13 октября ротмистр Есиев с сотней осетинских всадников подошел к Телишу и завязал перестрелку с подразделением спешенной турецкой кавалерии.
Выполняя приказ командира бригады полковника Черевина, Есиев выслал вперед группу всадников под командой урядника Иналука Гайтова для уничтожения телеграфной линии турок из Телиша в Софию.
На столб полез ловкий, как пантера, Татаркан Томаев. После гибели Гуда Бекузарова Татаркан стал самым близким человеком для Гайтова и постоянно находился при нем.
Взбираясь на столб, Татаркан держал в зубах кривой турецкий кинжал, и когда Гайтов спросил, что видит Томаев, тот только промычал.
Отрезав провод, Томаев приложил его к уху — нет ли каких-либо телеграфных сигналов от турок, но, не услышав ничего, кроме гудения ветра, отрубил второй провод.
— Кругом осмотрись, Татаркан! — приказал урядник.
Томаев взглянул вперед и моментально скатился вниз.
— Турки за перелеском, — тихо доложил он Гайтову.
Друзья посовещались и всем звеном в десять всадников спустились в лощину.
Через полчаса они атаковали засевших в кустах у шоссе башибузуков. Эта атака на первый взгляд не дала ничего — бандиты обратились в бегство, оставив одного раненного в ногу аскера.
Томаев был одним из немногих в сотне, кто знал дюжины две слов по-турецки. Он приставил кривой кинжал к горлу башибузука и потребовал выложить «все». К удивлению разведчиков, пленный ответил на ломаном русском языке:
— Телиш стоит три табыр Шевкет-паша. Ты менэ понималь? Ешо две табыр конны — башибузук называется…
— Сколько пушек? — перебил Гайтов.
— Два длинны пушка. Болша нет. Два маленький пушка. Болша нет.
— Не врешь, башибузукская морда?
— Нэт. Я ваша земляк есть, вират не будэм.
Пленный оказался родом из Черкесии. Когда-то Батал-паша угнал в Турцию десятки тысяч черкесов, в том числе и отца башибузука.
Возиться с «языком» было некогда, убивать жалко — все же земляк…
— Моя отец русски милиция служиль, у Емола-паша служиль.
Пленного отпустили. Томаев даже перевязал ему рану на ноге. — Уж отпускать, так с добром.
— Второй раз не попадайся, ухо резать буду, — добродушно пригрозил Томаев.

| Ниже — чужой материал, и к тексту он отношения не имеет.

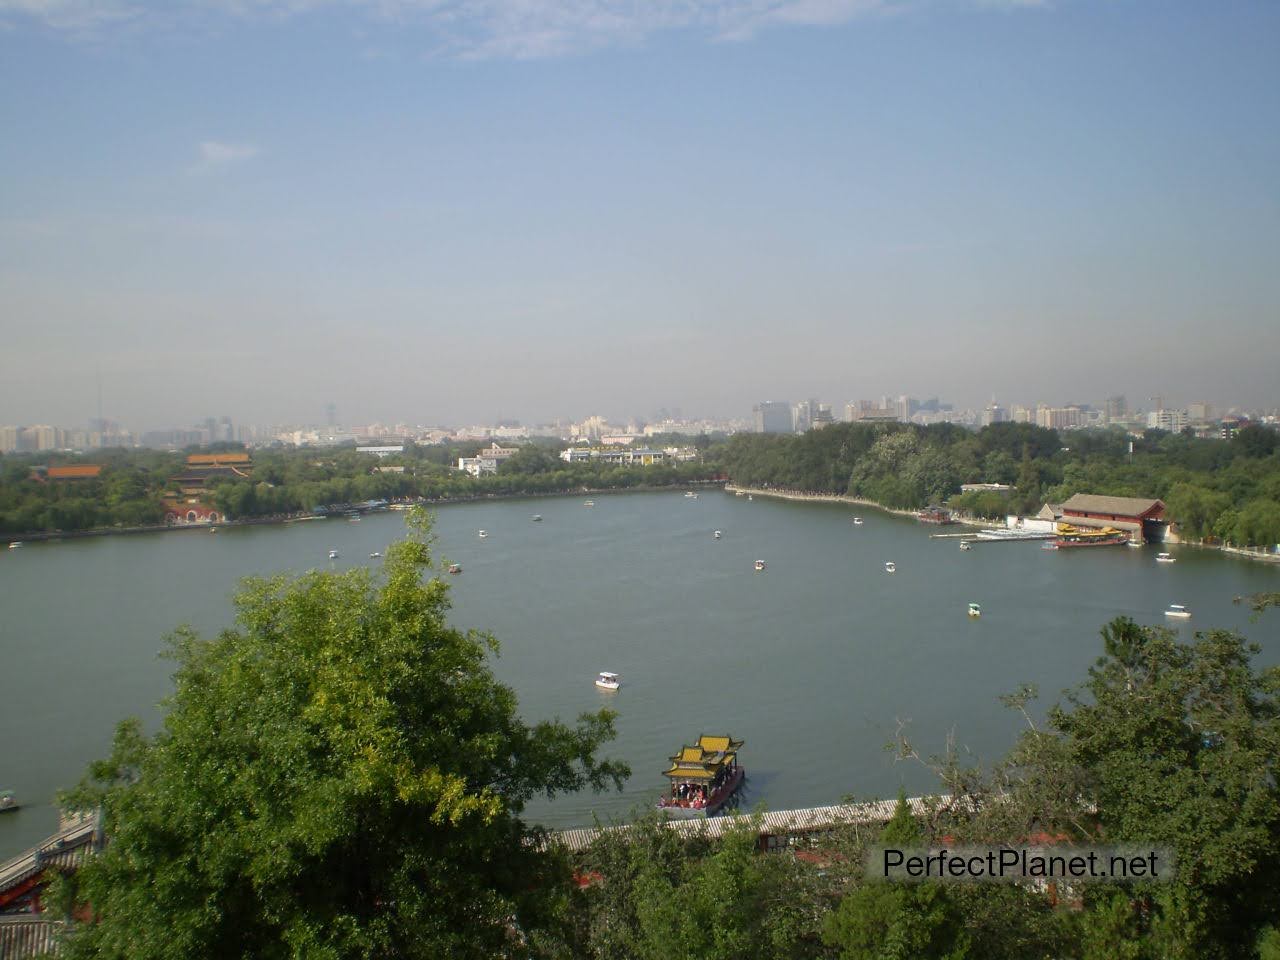 Beihai Park

Охотники поскакали по шоссе и вскоре встретились с разъездом кубанских охотников под командой есаула Пархоменко. Гайтов доложил о порче телеграфа и добытых сведениях о противнике.
— Скачи, урядник, к князю Кирканову! — распорядился есаул. — Вот тропа, видишь? Передай: я держу шоссе до его подхода.
Не прошло и часа, как Кирканов (новый офицер в Осетинском дивизионе) мчался с двумя сотнями осетинских всадников, чтобы прочно «оседлать» софийскую дорогу и тем самым изолировать крепость Телиш от Софии.
Гайтов стоял перед полковником Черевиным, с трудом понимая все то, что тот показывал ему на карте-двухверстке.
— Привыкай, урядник, к карте, офицером будешь. Значит, здесь полоснули телеграф?
— Здесь, ваше высокоблагородие. Томаев резал.
— Четыре пушки, говоришь? Хорошо. А в какую сторону они стреляют?
— По дороге — туда и сюда.
— Вас не обстреляли?
— Мы оврагом шли, как кошка, ползли…
— Молодцы. Пленного рановато отпустили. Ну да бог с ним. Ранен — пусть Шевкет-паша лечит его, басурмана, сам. У нас своих раненых полно. Едем, урядник!
Черевин в сопровождении охотника Гайтова прибыл в Ставку Гурко. Это было кстати, генерал-адъютант ждал донесения от Кавказской бригады. Выслушав полковника, Гурко сказал:
— Горный Дубняк достался нам дорого. Ахмед-Хивзи и его гарнизон не стоят того. Господа офицеры, (эти слова относились к офицерам штаба отряда) — отныне все маленькие крепости брать только артиллерией. Никаких штурмов и приступов, много чести для них.
Гурко приказал сосредоточить против Телиша 66 орудий и немедленно начать бомбардировку.
Через три часа адского огня этой артиллерийской группы, с дистанцией 400 метров, гарнизон крепости сдался. Эта победа стоила отряду Гурко одного убитого и 15 раненых, тогда как при штурме Горного Дубняка потери гвардейского Измайловского полка составили 3500 человек.
После Телиша Кавказская казачья бригада, при поддержке артиллерии, начала, «как орехи щелкать», маленькие крепости турок.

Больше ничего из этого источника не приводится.